La noche en que Leonor lo leyó, el pequeño libro de Carrasco era ya una reliquia. Había sido escrito siete años antes y dejado de circular poco después. Su autor había corrido mejor suerte. Sin retirarse del claustro académico, había emprendido una carrera como articulista político y era el celebrado editor de un boletín al que se accedía sólo por suscripción privada. Para alimentar su pasión académica, de cuerda antropológica e histórica, Carrasco había explorado en opúsculos imprevisibles, también de circulación restringida, lo que llamó en un ensayo las zonas frágiles de México, aquellos lugares por donde la historia del país se había roto, cediendo el paso a "la fecundidad de lo inesperado", expresión que resumía para Proudhomme el genio del tiempo, el espíritu mismo de la historia.

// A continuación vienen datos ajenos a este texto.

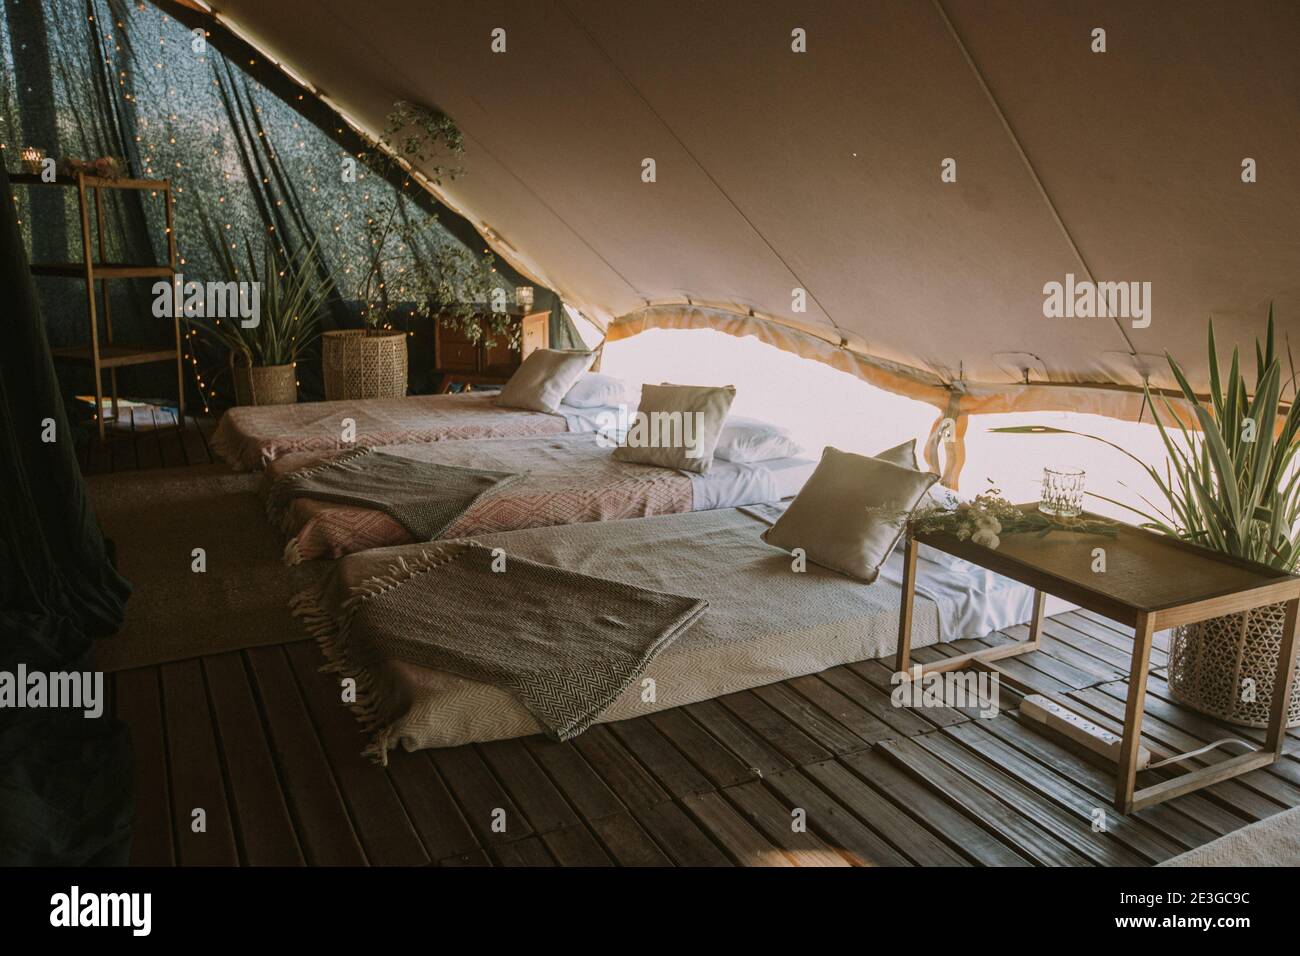 Tenda con 3 materassi, cuscini, tavolo in legno, fiori e luci di fondo. Foto Stock

Siguiendo esos senderos, Carrasco había escrito una serie de pequeños libros sobre los temas más dispares, cuyo eje secreto era, sin embargo, el mismo: la exploración de las vetas por donde se había roto la normalidad del pasado y había hecho su primera aparición el inexperto futuro. Había dedicado un libro a las etnias en extinción de las zonas de refugio, no como una denuncia antropológica, sino como un testimonio a la vez trágico y augural del doble proceso de desindianización del país y mexicanización de las etnias indígenas. Había hecho un provocativo trazo histórico de las zonas mineras relativamente prósperas, como focos detonadores de las grandes rebeliones mexicanas, para contraponerlas a la idea común de las zonas campesinas o pobres, como origen de esos movimientos. Había escrito también un largo y exitoso ensayo sobre el cambio más significativo que a su juicio había tenido la sociedad mexicana del siglo XX: el aumento de las mujeres entre la población económicamente activa, que casi se había triplicado en los años setentas quebrando por primera vez la estable inexistencia laboral femenina y anticipando la aparición de un nuevo mundo amoroso. Había escrito, por último, una colección de crónicas históricas sobre los años frágiles de México, años que habían condensado cambios decisivos del país, y en cuya exploración podían leerse, como en un mapa cristalizado, los virajes esenciales de su historia.